0
votes

In R I am fitting a GLM (logit) on individual-level data with a binominal dependent variable.

However, I would like to plot the fit on an aggregate level (i.e. with the % of successes on the y-axis). What would be the easiest way to both plot the scatter of realized data (aggregate) and the regression line? I already tried ggplot with stat_smooth() but if I make the scatter on aggregate level, the glm will be fitted on this aggregate level as well.

library(datasets)
data(mtcars)
fit <- glm(vs ~ mpg + cyl + mpg:cyl + disp + drat, family=binomial(link='logit'), data=mtcars)

mtcars_agg <- mtcars %>%
  group_by(carb) %>%
  summarise_each(funs(mean))

form <- formula("mtcars$vs ~ mtcars$mpg + mtcars$cyl + mtcars$mpg:mtcars$cyl + mtcars$disp + mtcars$drat")

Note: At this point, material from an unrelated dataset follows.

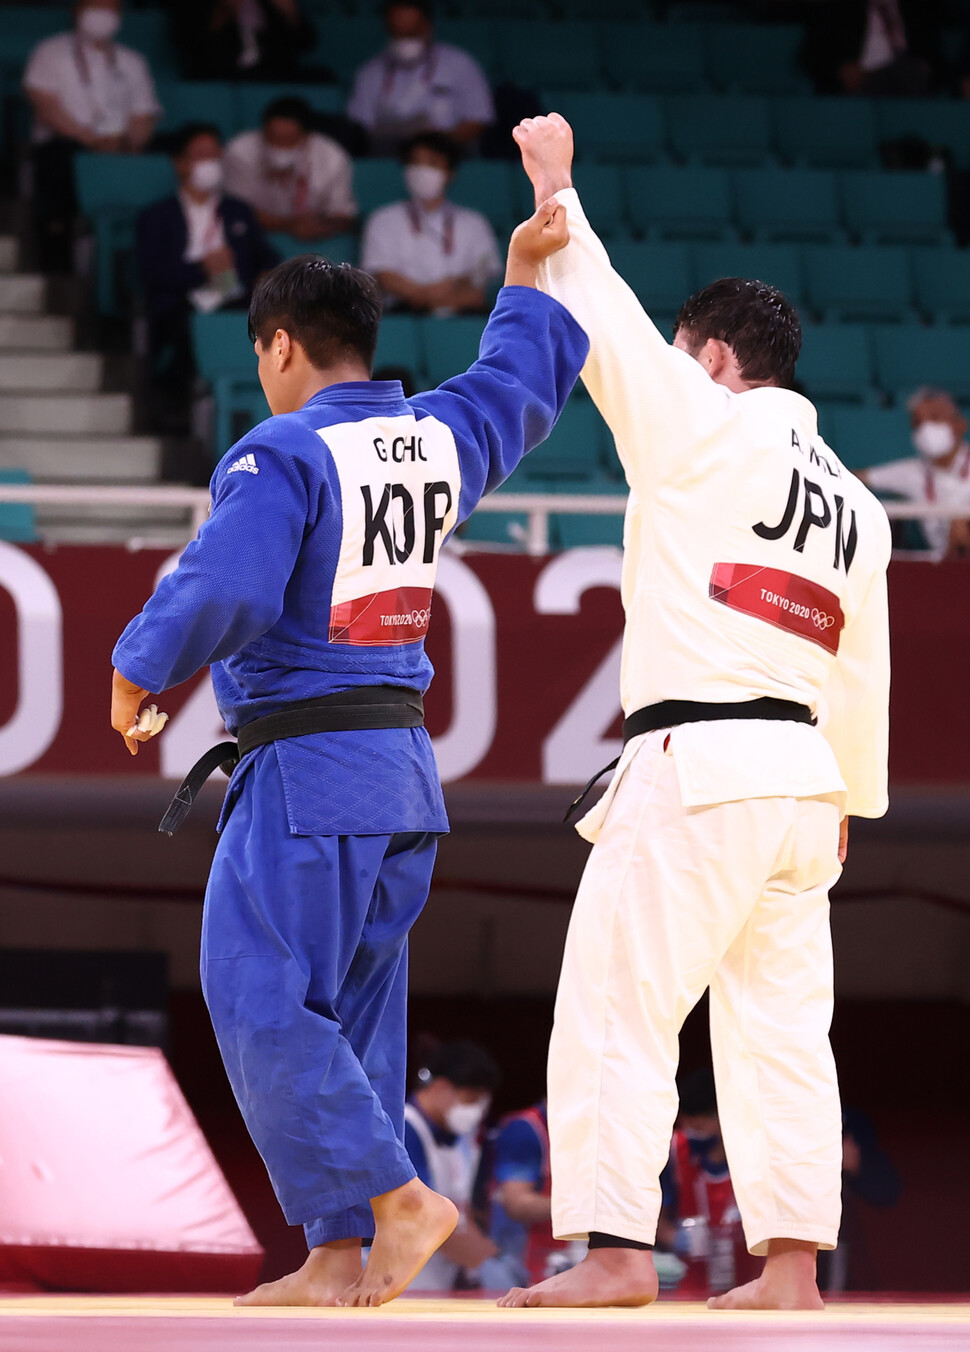 7月29日、東京武道館で行われた東京五輪の柔道男子100kg級決勝で、日本のアーロン・ウルフに敗れた後、韓国のクハ・チョーがウルフの手を握っている。 ユンハプニュース。

ggplot(mtcars_agg, aes(x=mpg, y=vs)) + geom_point() + 
  stat_smooth(data=mtcars, method="glm", formula = form, method.args=list(family="binomial"), se=FALSE)

Does anyone know how to deal with this? If I do not specify formula in the stat_smooth call, there are two things that are not how I would like to see it:

  1. It just takes y ~ x as formula. However, I would like to include interaction-variables as well.
  2. I would like to fit on individual-level data, not aggregate-level data.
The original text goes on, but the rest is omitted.